We are migrating from Azure DevOps Git to GitHub. The repo is huge, old, unfortunately has binaries and with tons of branches and tags. We decided on a cut-off date and want to drop all history before that date (which will also remove the binaries and large files as they were later deleted) We want to retain only specific branches from the selected date and hopefully keep the tags.
Got completely lost with filter-branch and haven't been able to find a good and fast way of doing this. This simplest thing I found was doing an orphan checkout from what we want as the new root commit, rebasing and then prune and run garbage collector. But, the new root commit is dated to now, all commit IDs change, we lose all the tags and I couldn't do it for all branches I want to retain.
What is the best way of achieving this?
The trick is to use grafts to fake new root commits, then burn them into the history using git filter-branch
or git filter-repo
.
Let's say, you determined that commit 1234abcd
is the new root commit and it is the only one needed. Then
git replace --graft 1234abcd
installs a replacement commit that pretends that 1234abcd
has no parents. Now run
git filter-branch --tag-name-filter=cat master branch1 branch2 tag1 tag2 ...

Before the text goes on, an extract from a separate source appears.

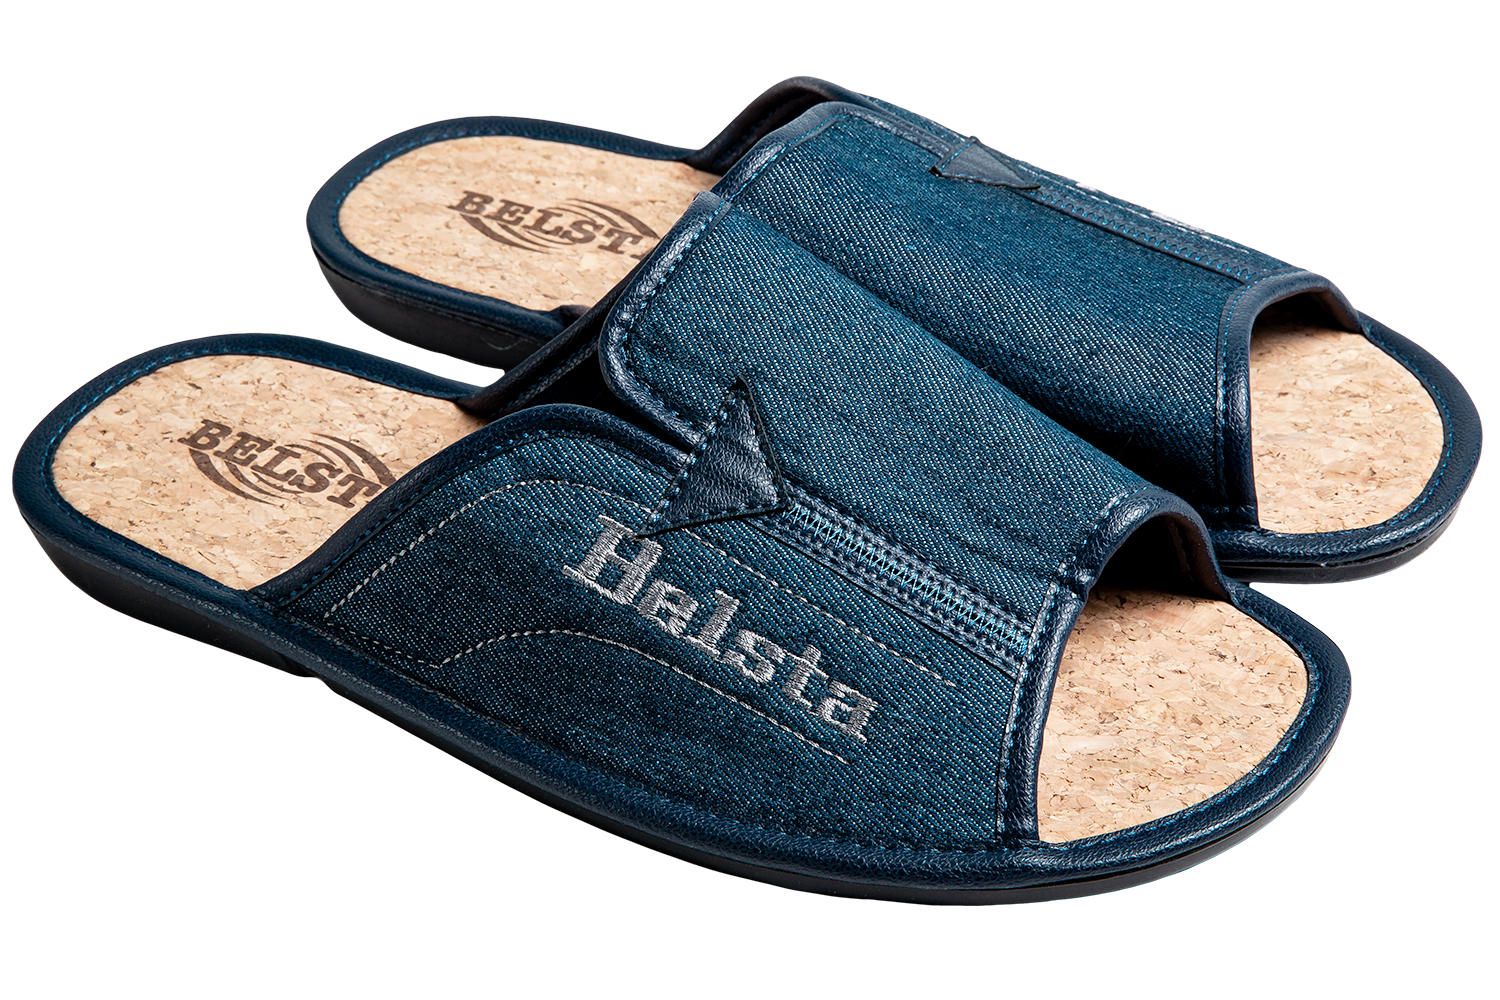 Men's open slippers BELSTA in denim and eco leather inserts - 1

(or an equivalent git filter-repo
command). This rewrites commit 1234abcd
to really have no parent (and results in a different commit name, of course) and rewrites the history up to the specified refs.
You should be able to repeat the command with different branch and tag names, should you forget some or if you want to do the job incrementally. Make sure to specify only refs whose history does not bypass the root commit (this could happen accidentally if there are merges from history before the un-rewritten commit into history after the new root commit).